**AIM OF THE EXERCISE**
Exactly retype the lines from the top of the data through the line containing "Whirlpool WP3406107 - Dryer", leaving out every picture.

**DATA PROVIDED**
····················

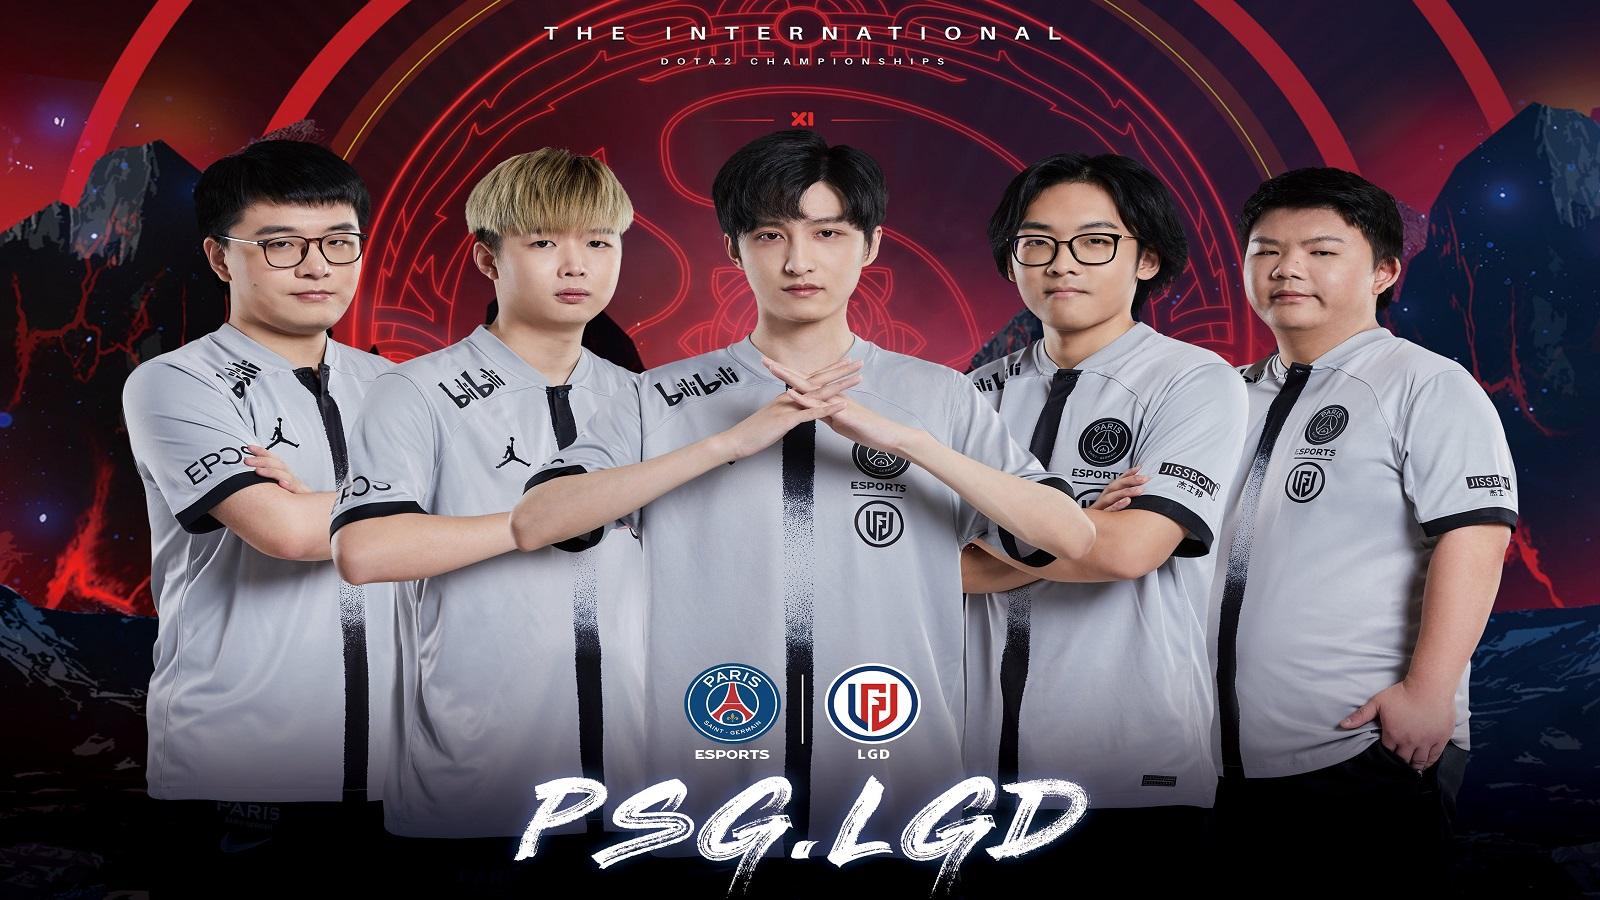 cover art featuring psg.lgd's dota 2 roster
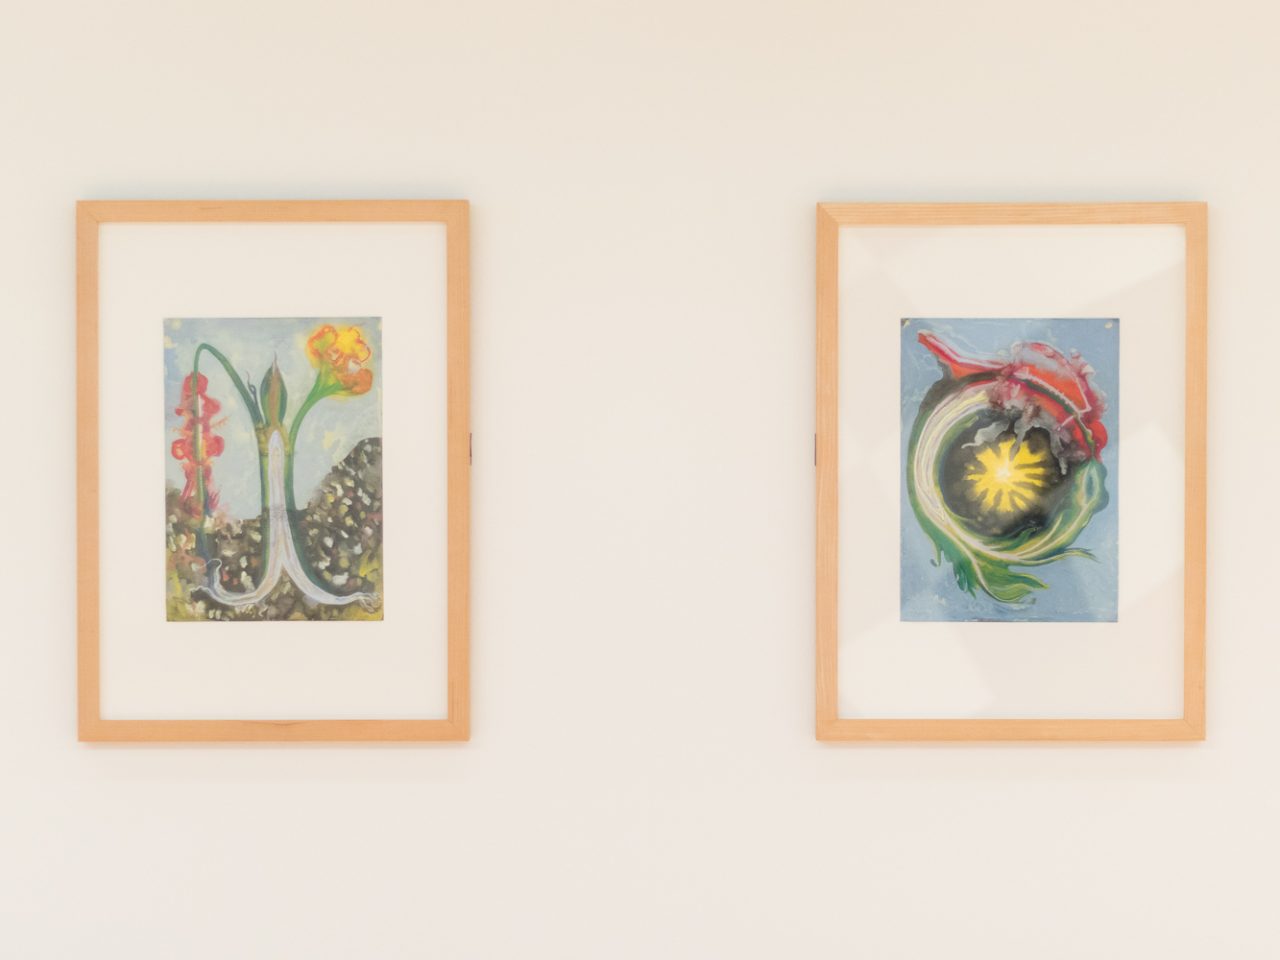 Two paintings both colourful with earthly elements of flowers, soil and sun, representing the process of growing.
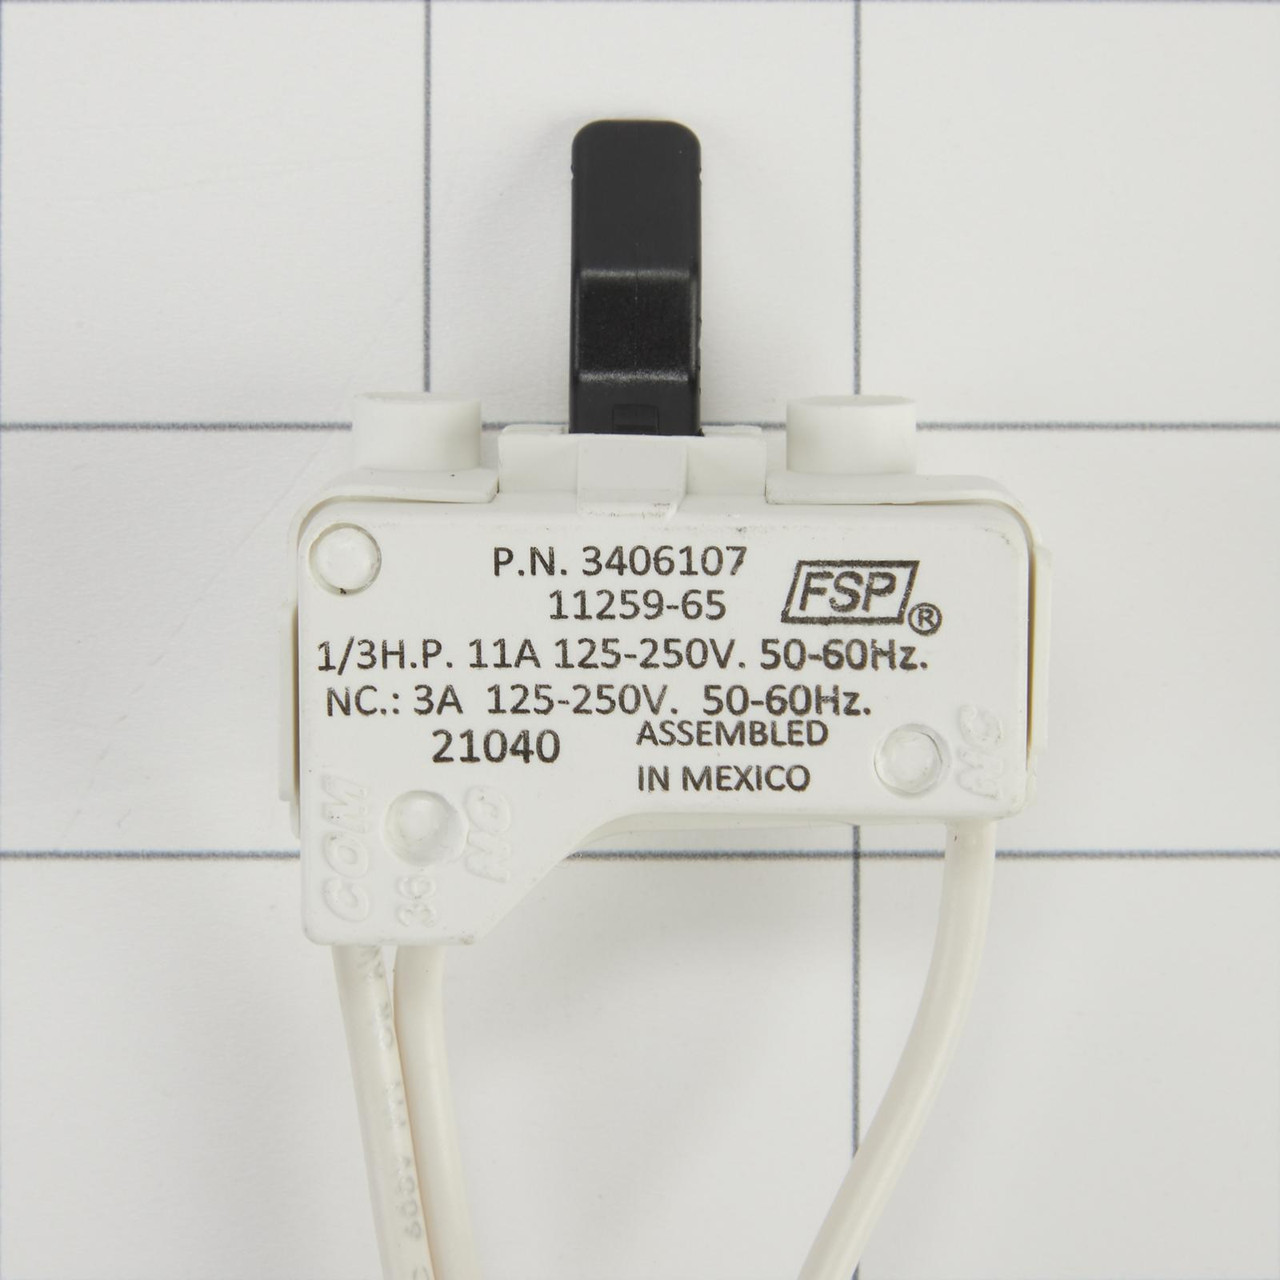 Whirlpool WP3406107 - Dryer Door Switch Assembly - Image # 4
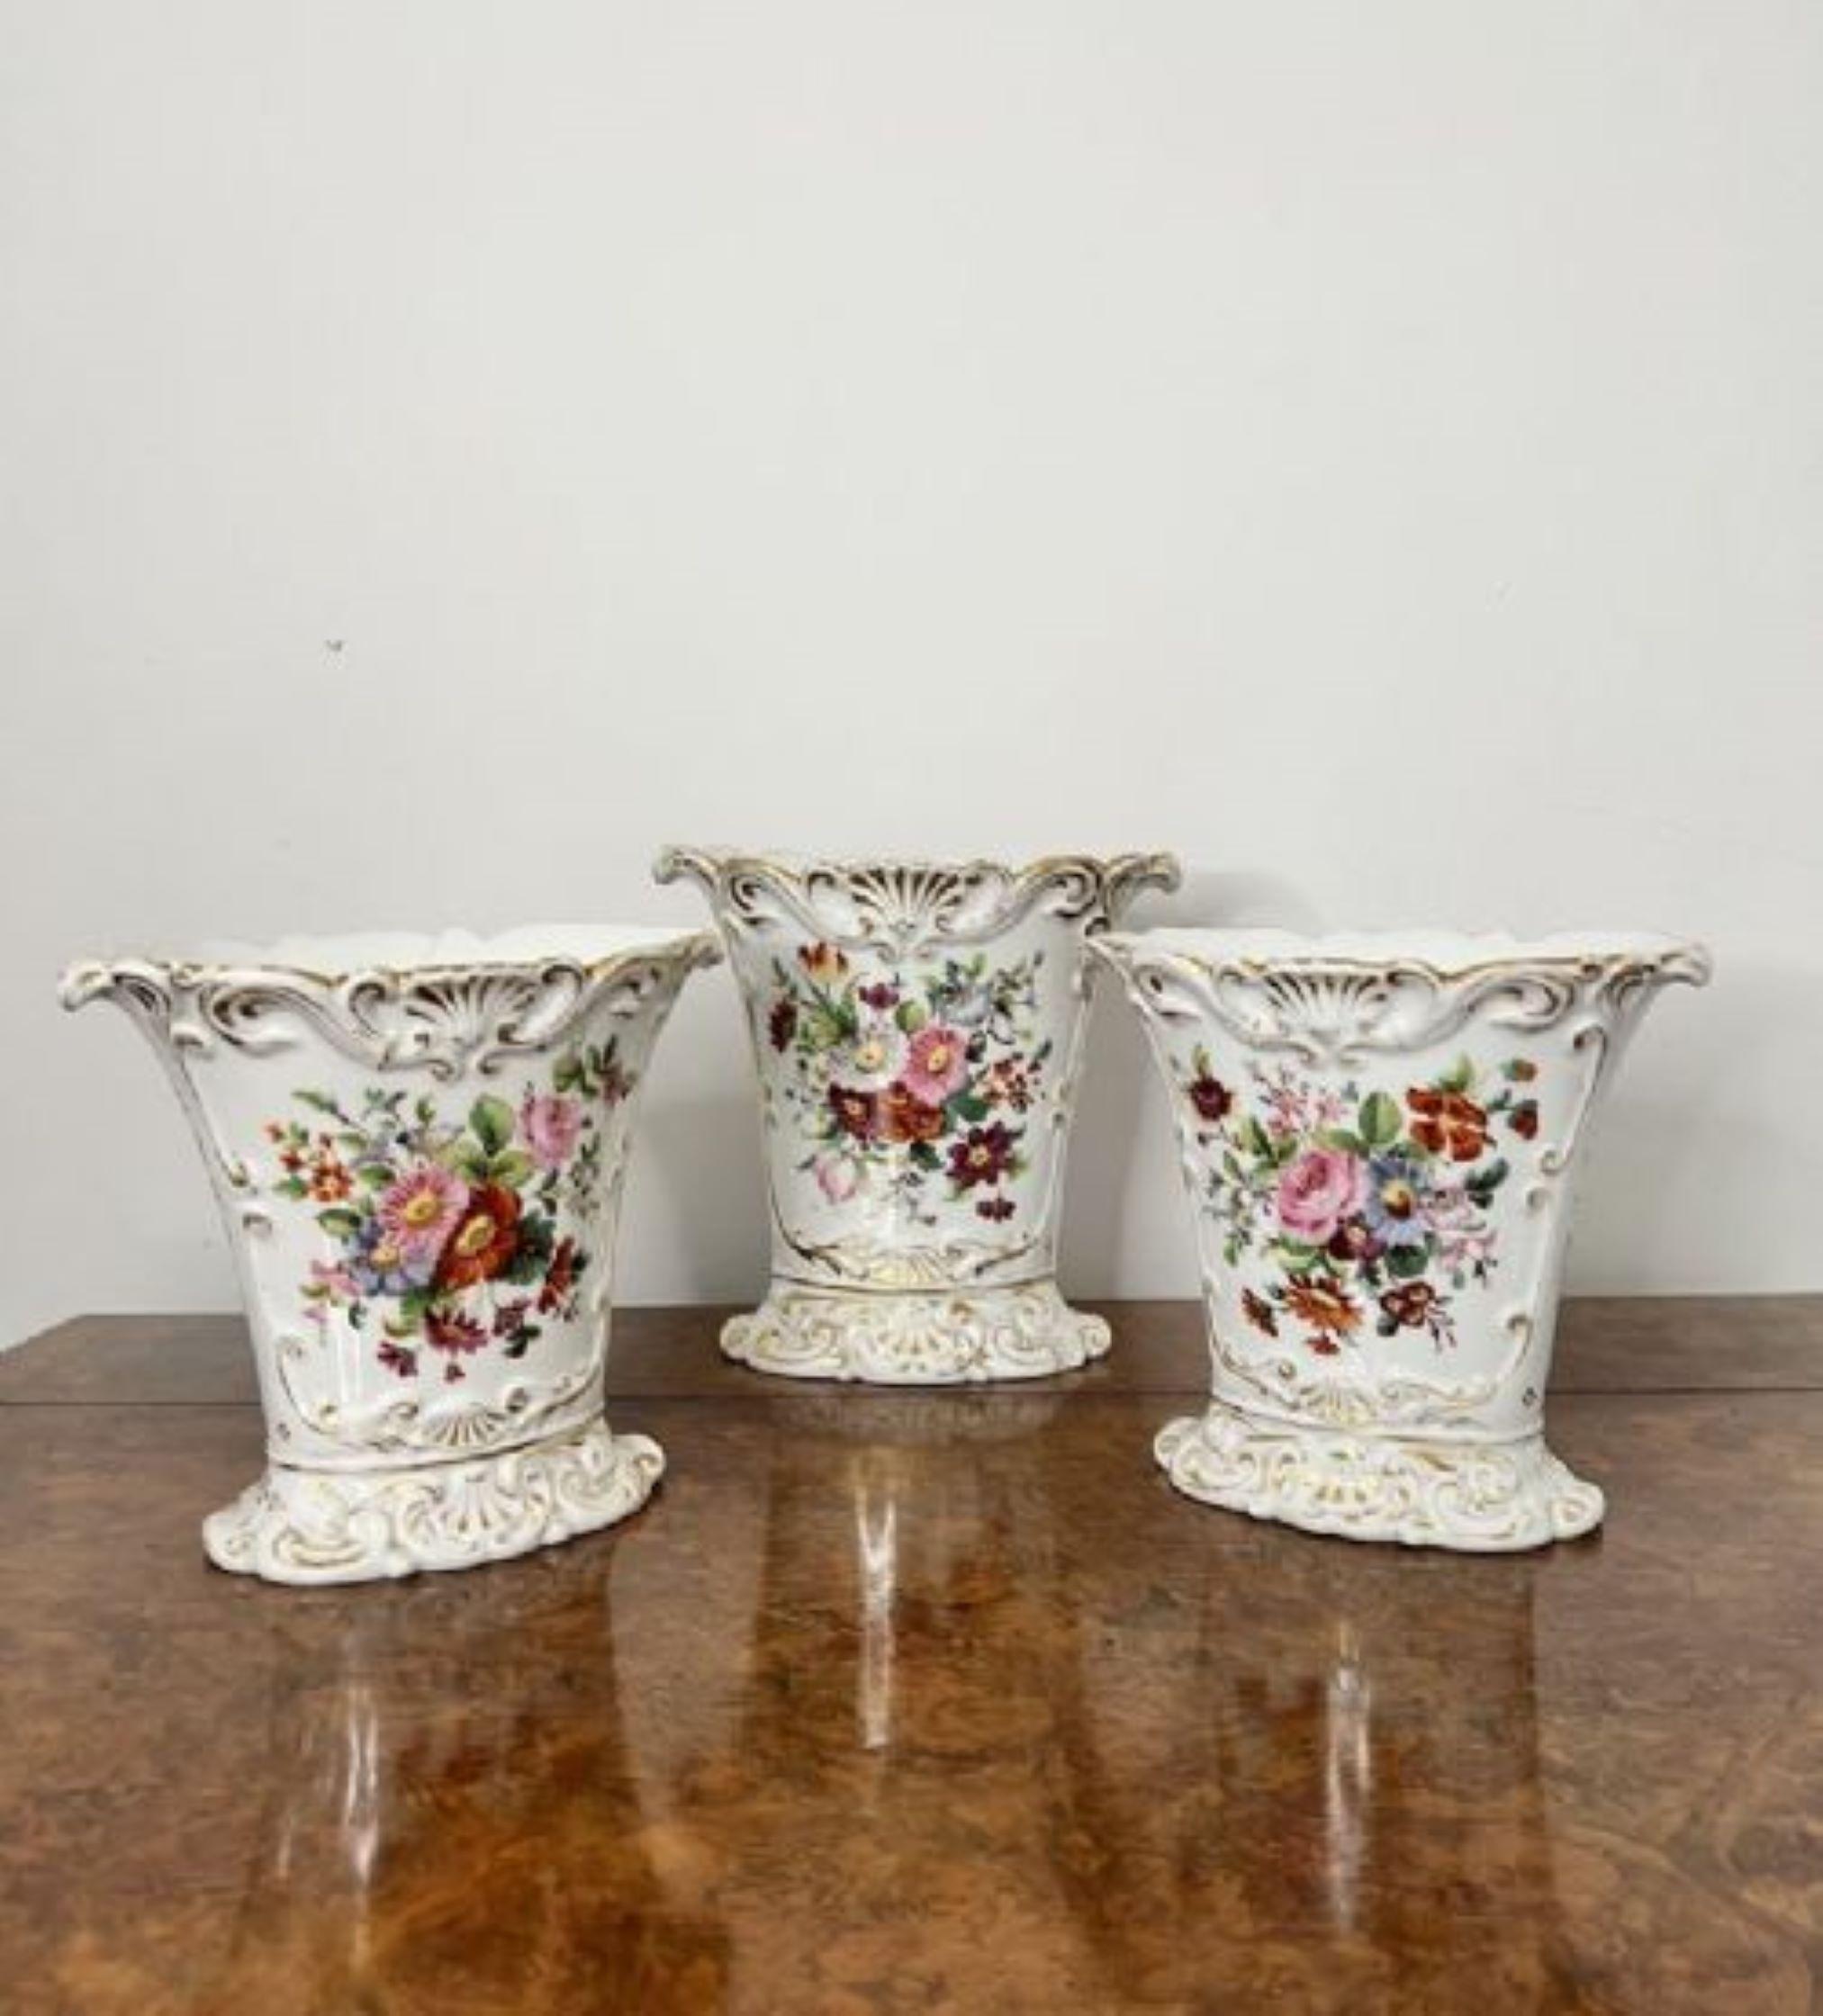 Fantastic quality garniture of three 19th century French vases having a fantastic garniture of three French vases, with fluted shaped bodies with floral decoration in fabulous blue, pink, green and orange colours surrounded by gold gilding standing

····················

**RESULT**
 cover art featuring psg.lgd's dota 2 roster
 Two paintings both colourful with earthly elements of flowers, soil and sun, representing the process of growing.
 Whirlpool WP3406107 - Dryer Door Switch Assembly - Image # 4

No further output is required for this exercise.